Would you write out the lines below exactly, from the one containing "Post war lift arm" to the very last, but without the pictures?

DATA EXCERPT:

↓↓↓

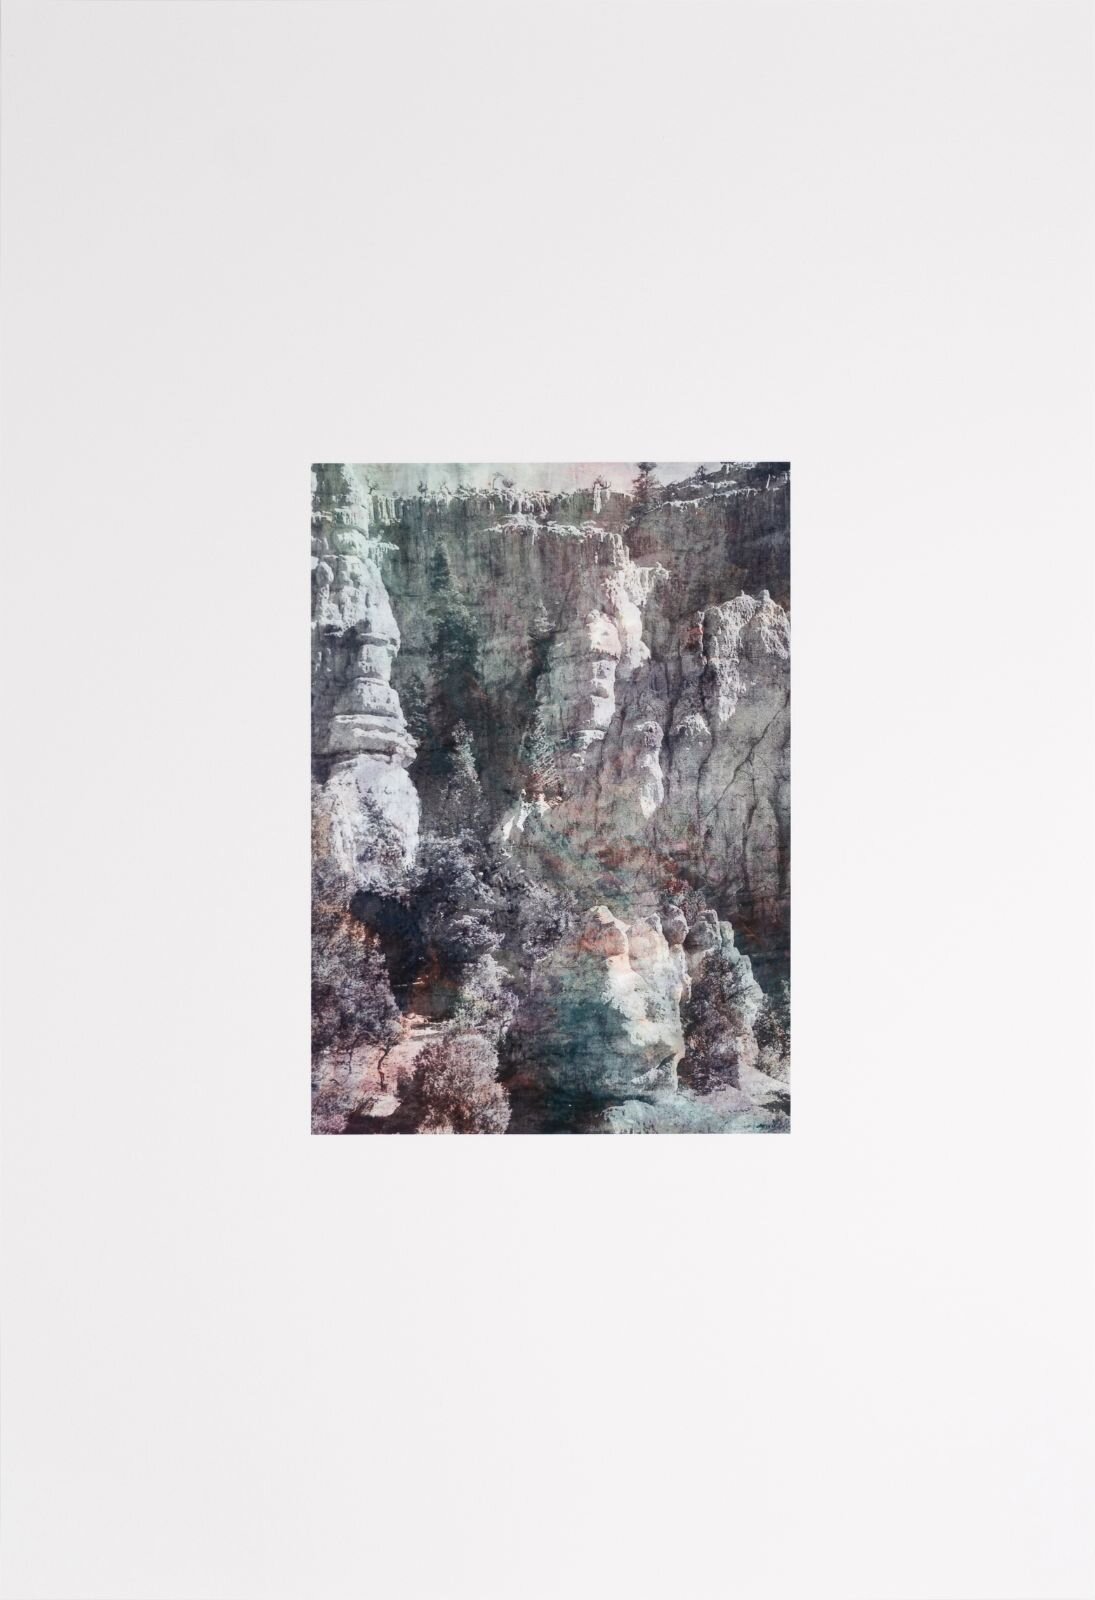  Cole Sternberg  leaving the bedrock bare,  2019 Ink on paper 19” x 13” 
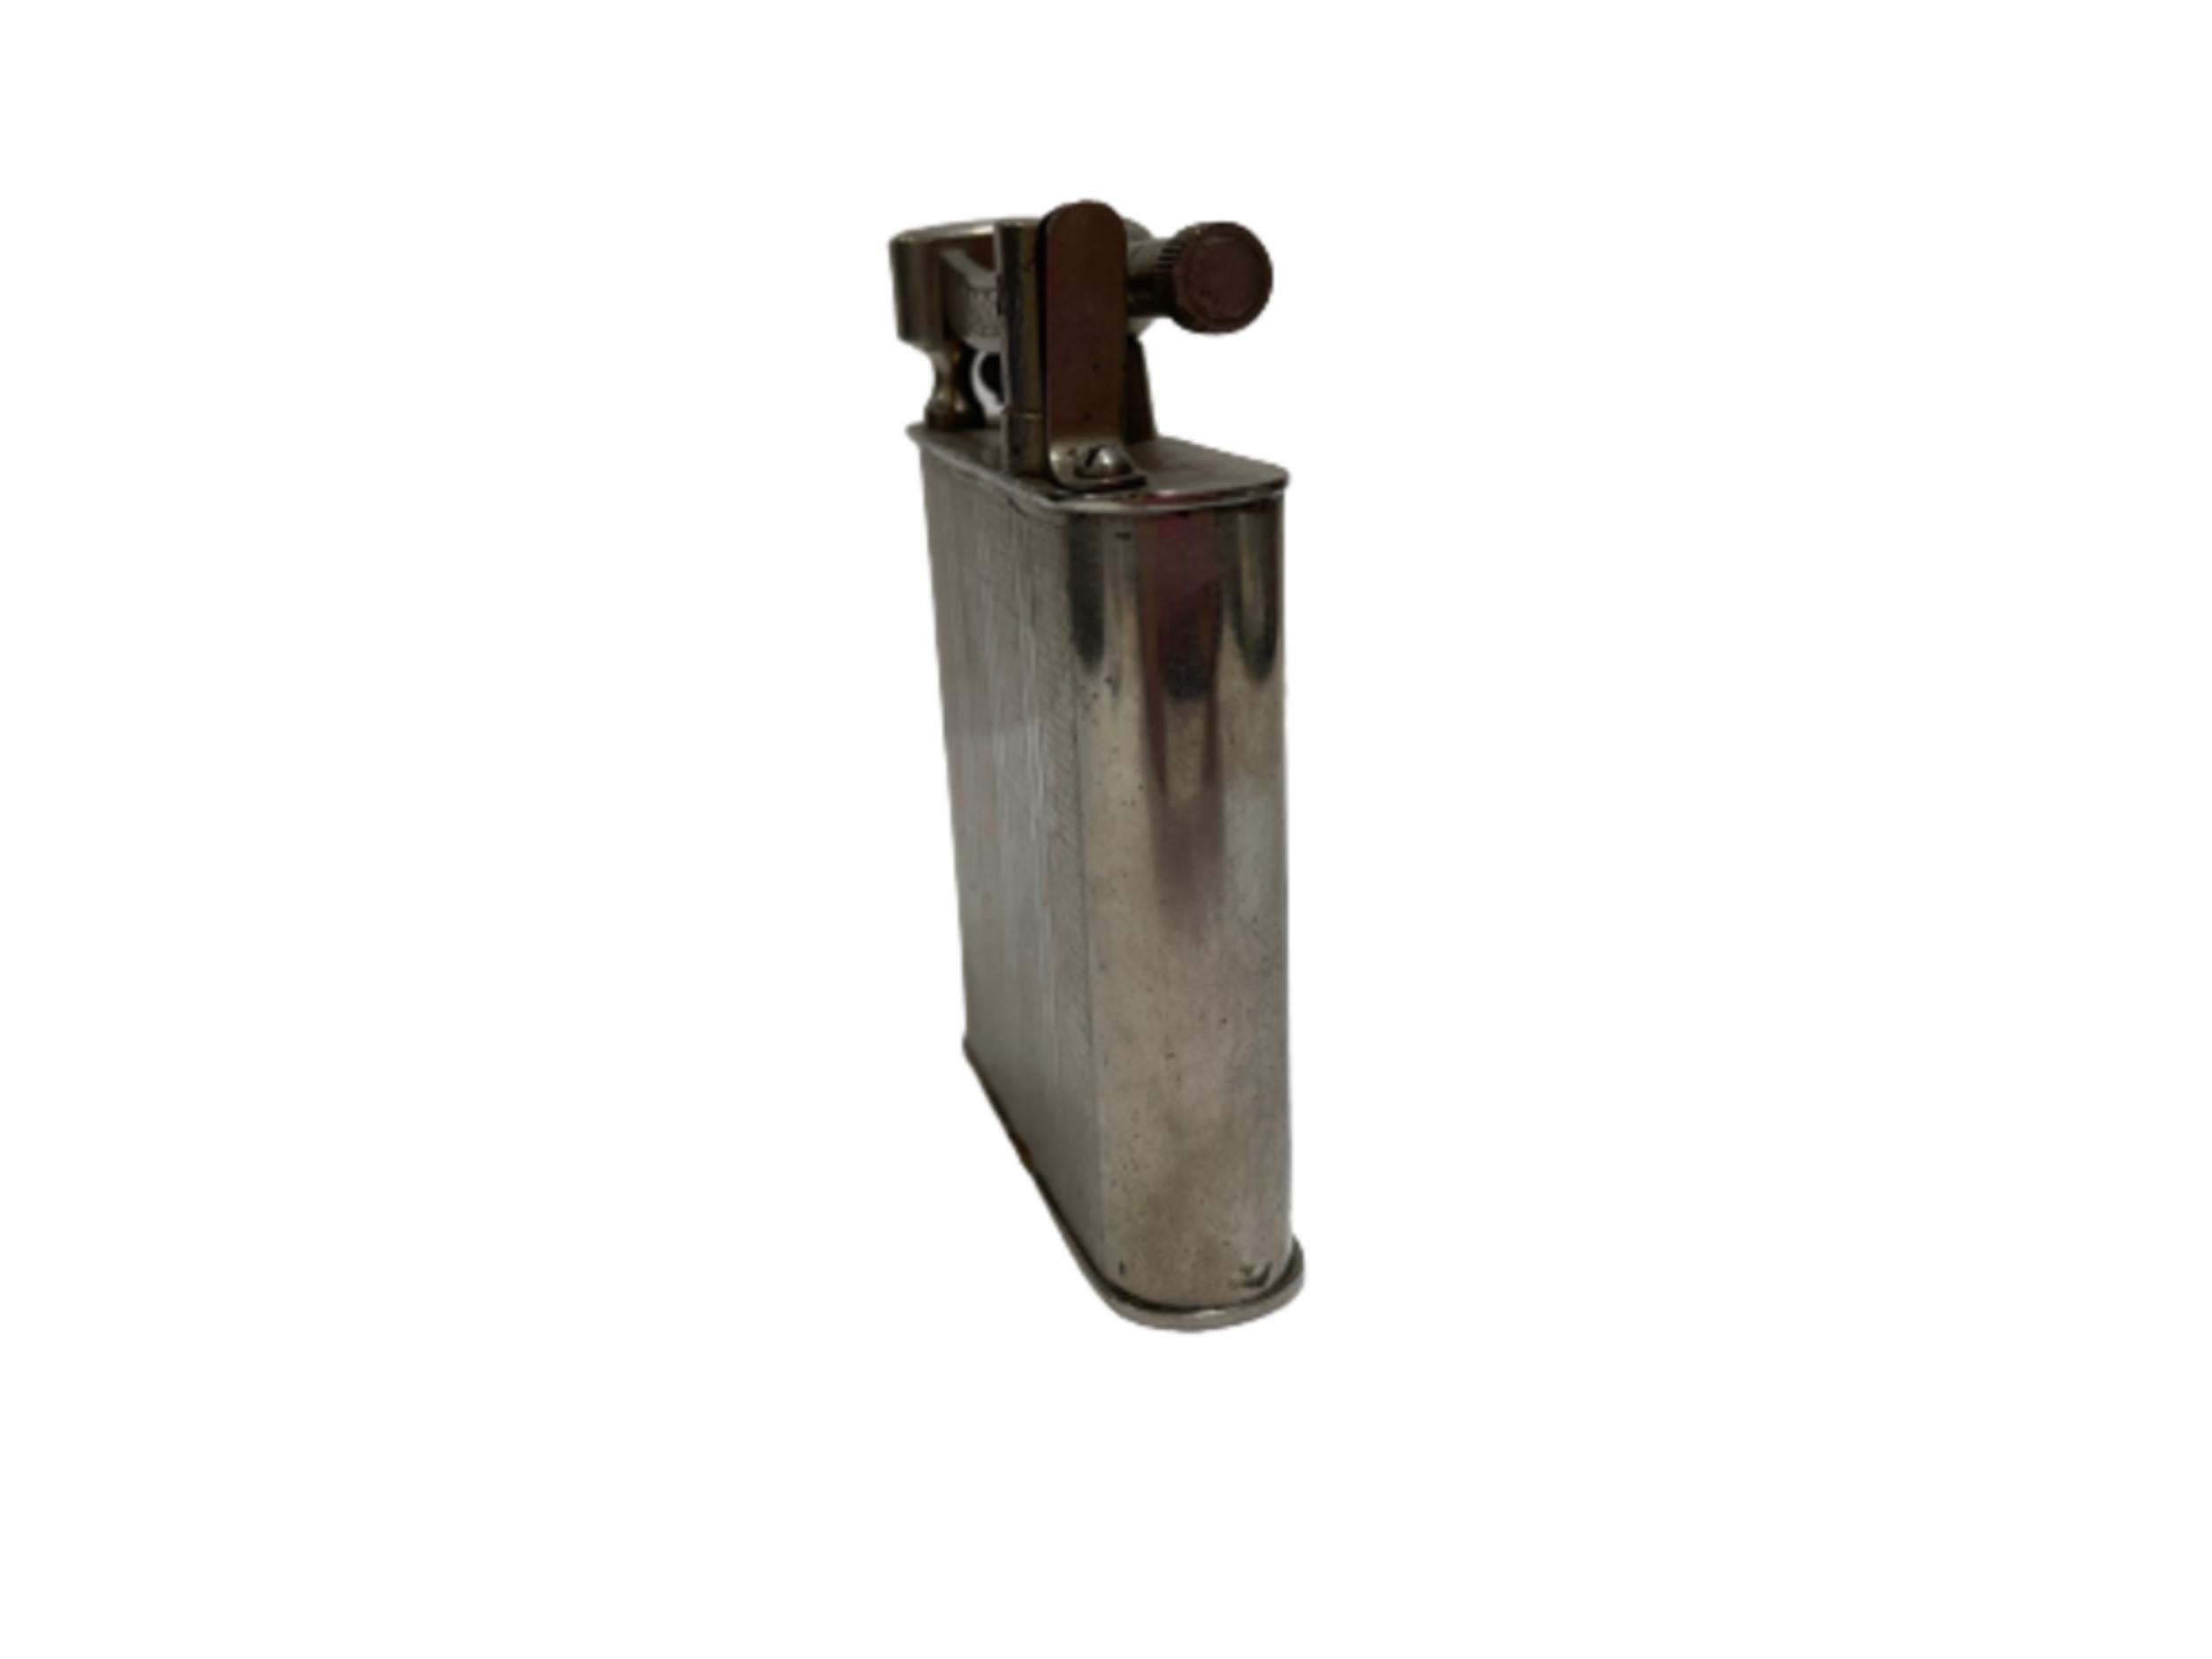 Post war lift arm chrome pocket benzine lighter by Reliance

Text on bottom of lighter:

↑↑↑

ANSWER SPACE:
 Post war lift arm chrome pocket benzine lighter by Reliance

Text on bottom of lighter:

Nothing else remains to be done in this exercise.